§ **TASK PROMPT**: Nothing but the lines from the one with "Honeywell Q362A Burner User Manual" through the end of the listing should be reproduced, each exactly and with pictures omitted.

§ **INFORMATION PROVIDED**:
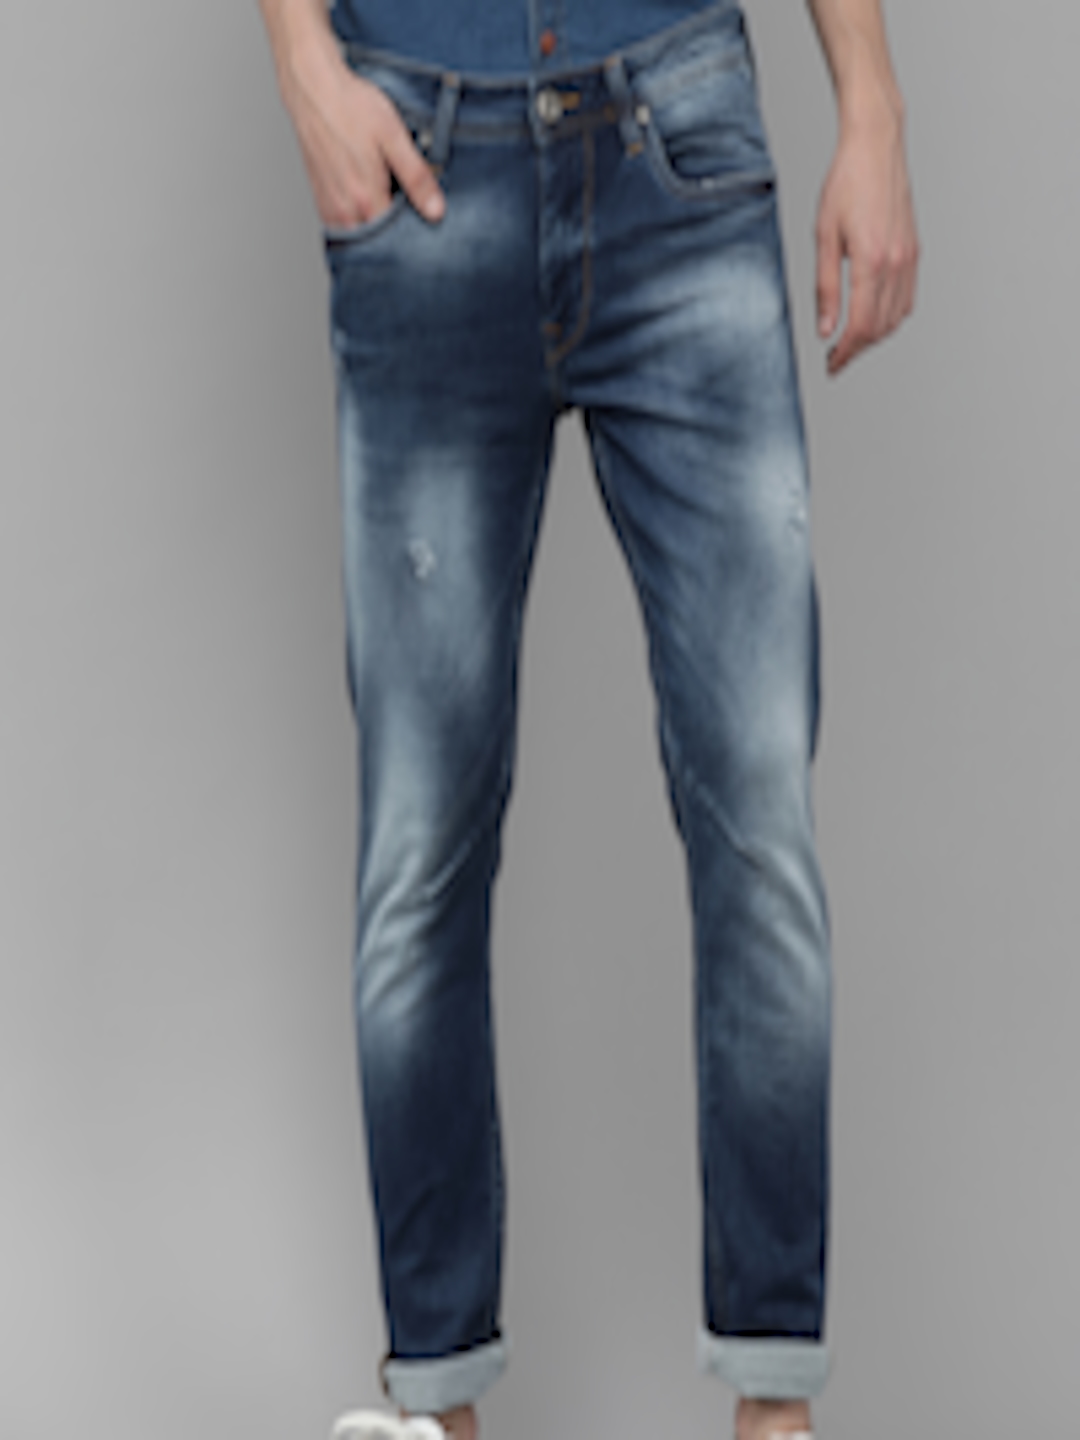 Buy Voi Jeans Men Navy Blue Solid Mildly Distressed Heavy Fade Skinny ...
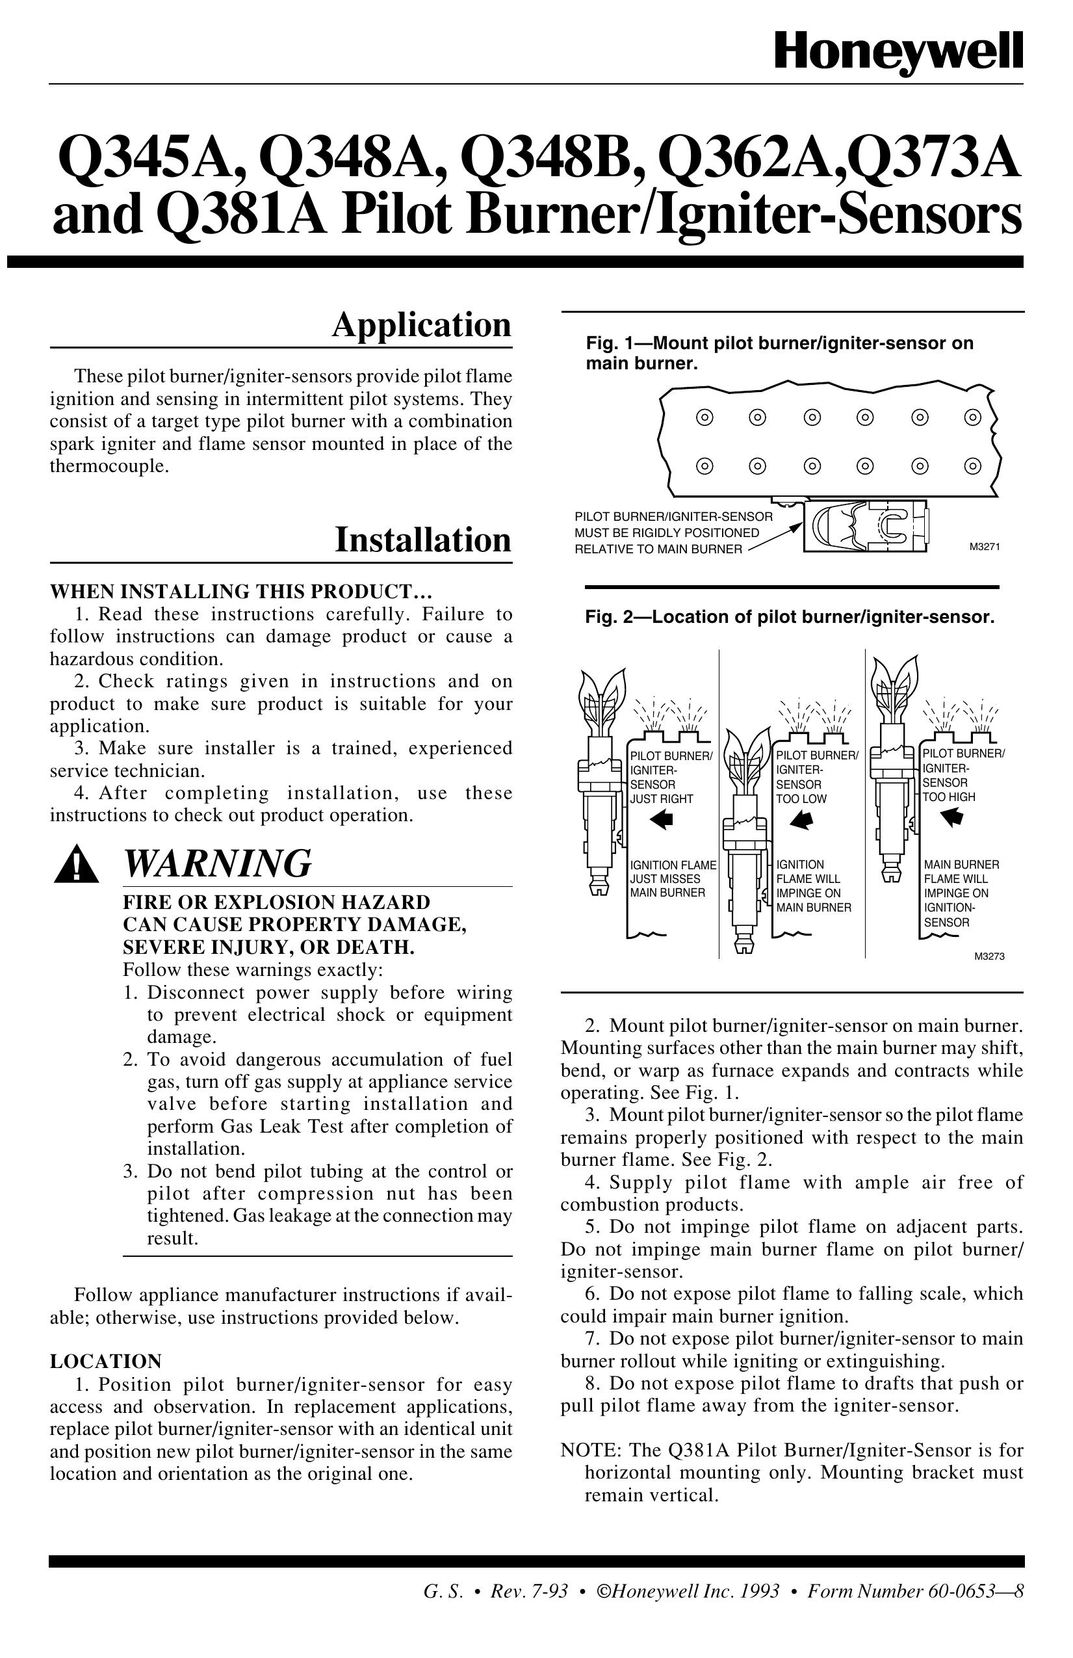 Honeywell Q362A Burner User Manual
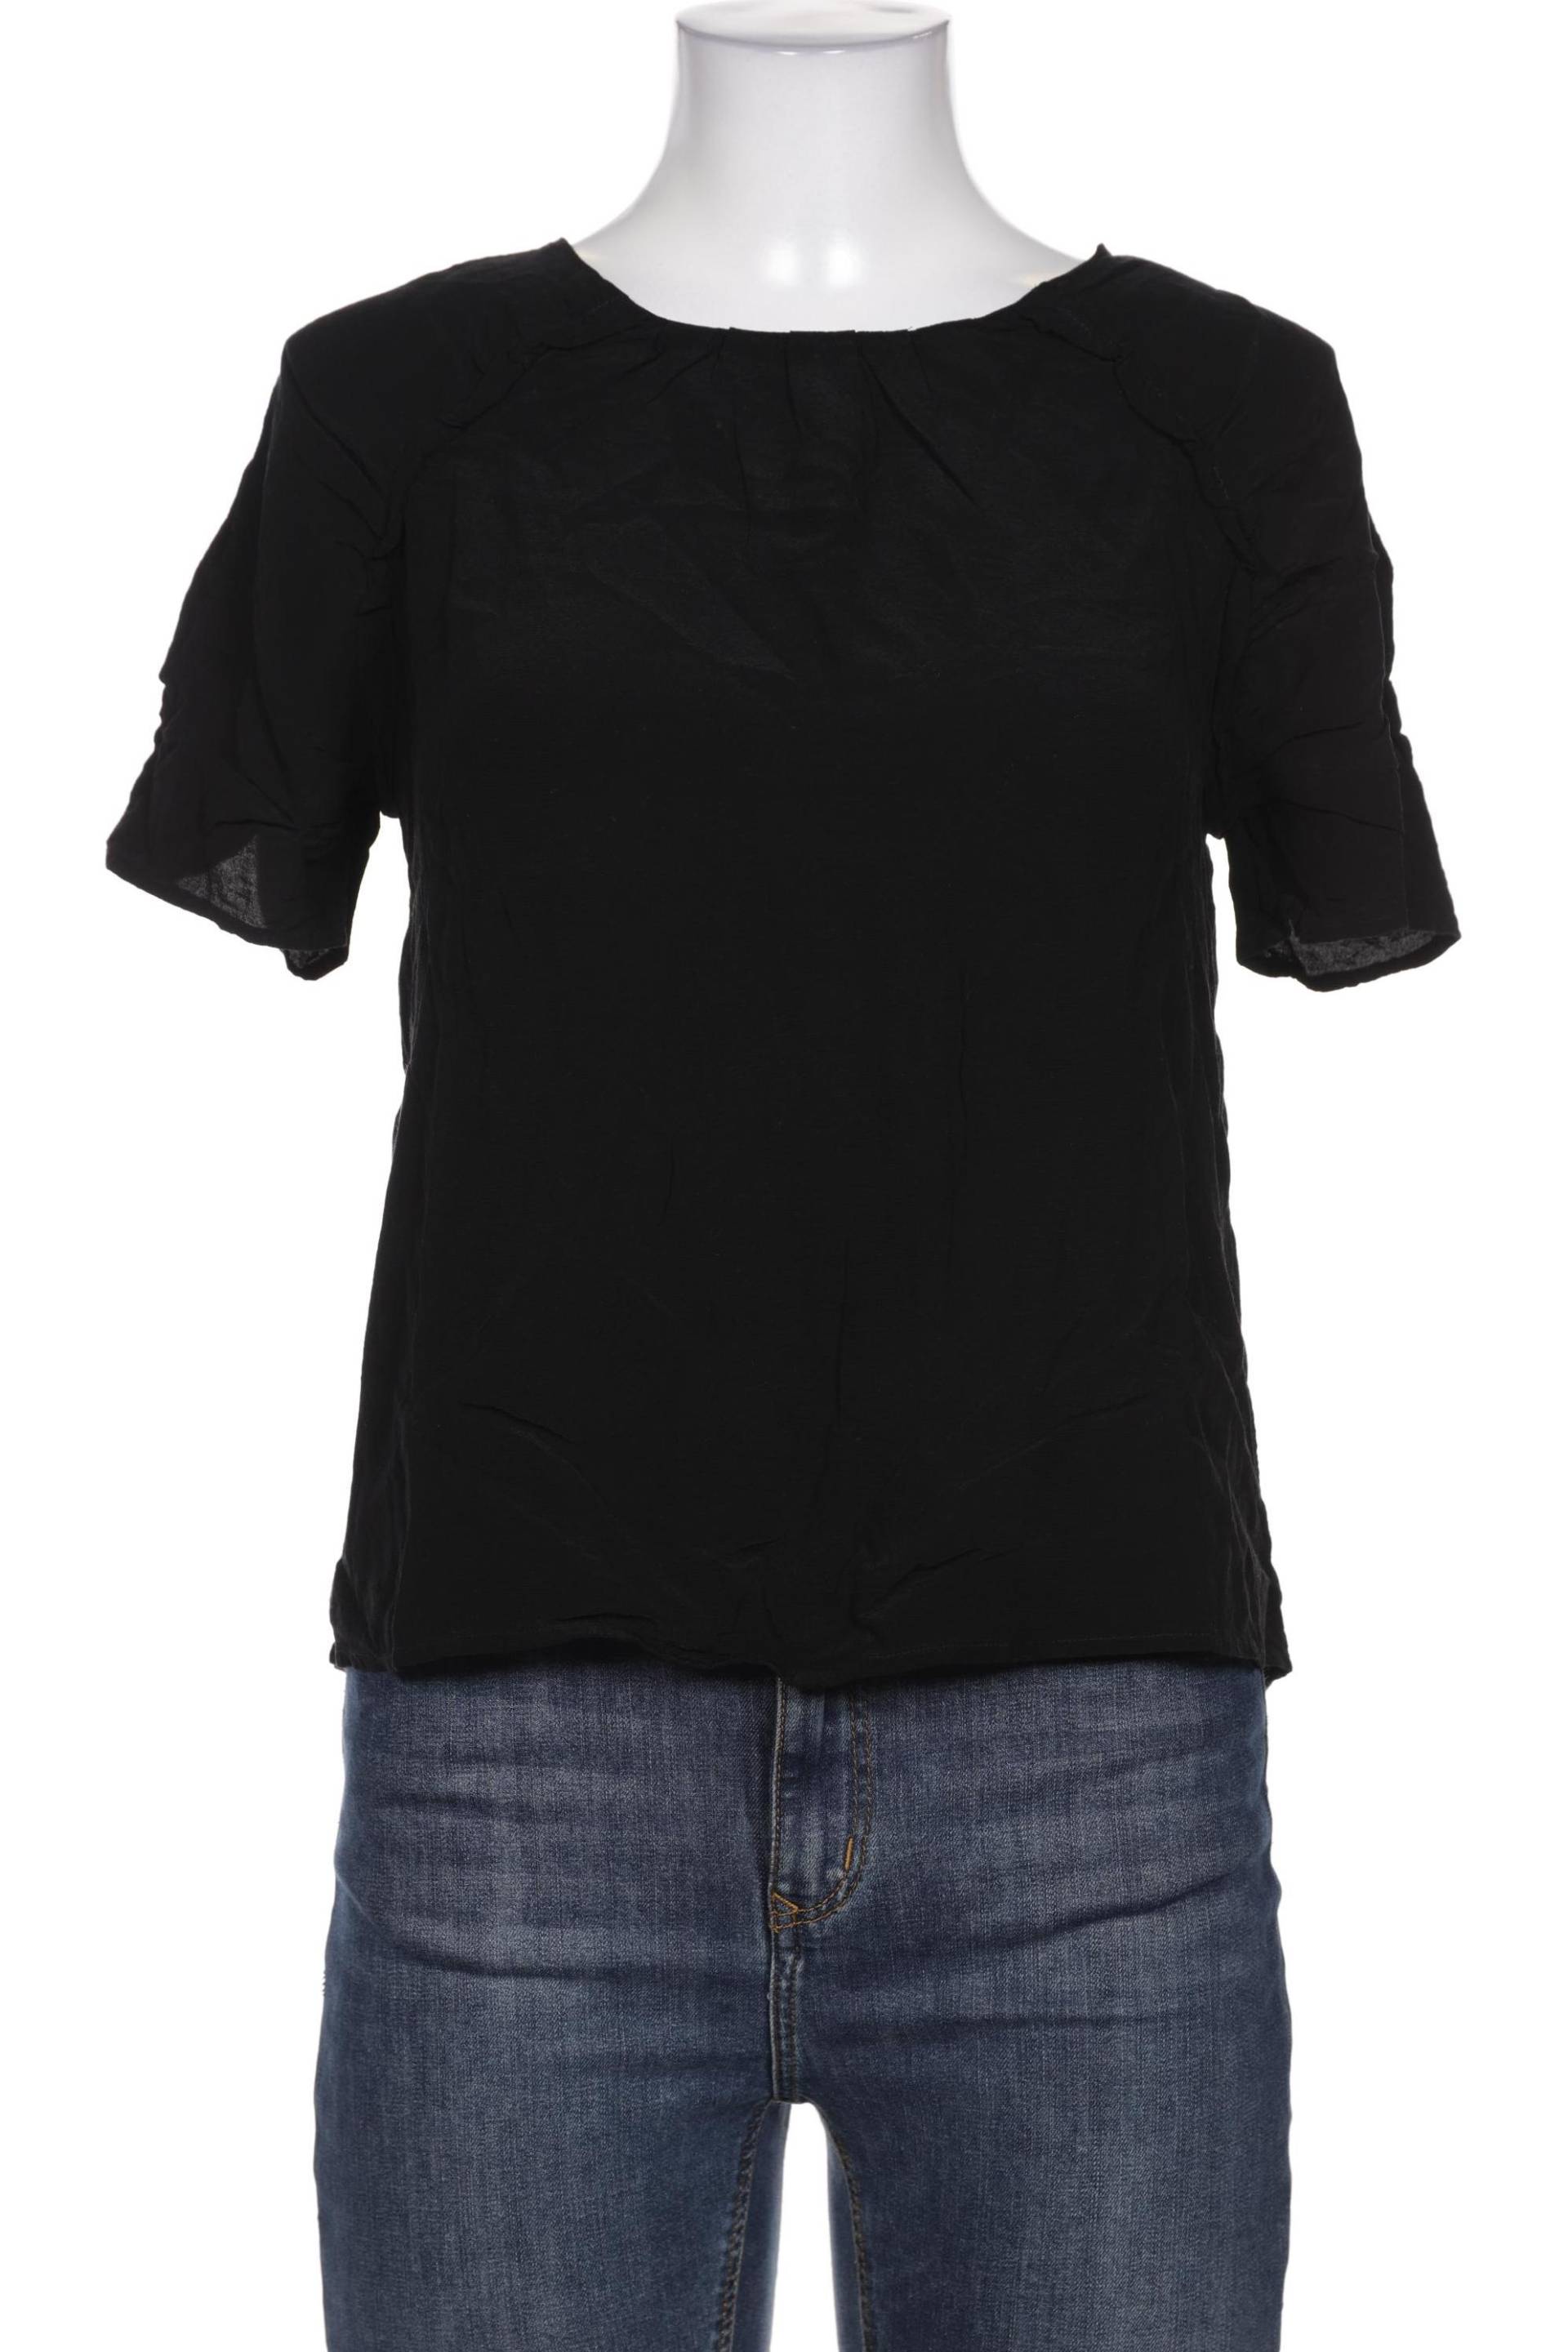 Massimo Dutti Damen Bluse, schwarz von Massimo Dutti

§ **WRITTEN RESPONSE**:
 Honeywell Q362A Burner User Manual
 Massimo Dutti Damen Bluse, schwarz von Massimo Dutti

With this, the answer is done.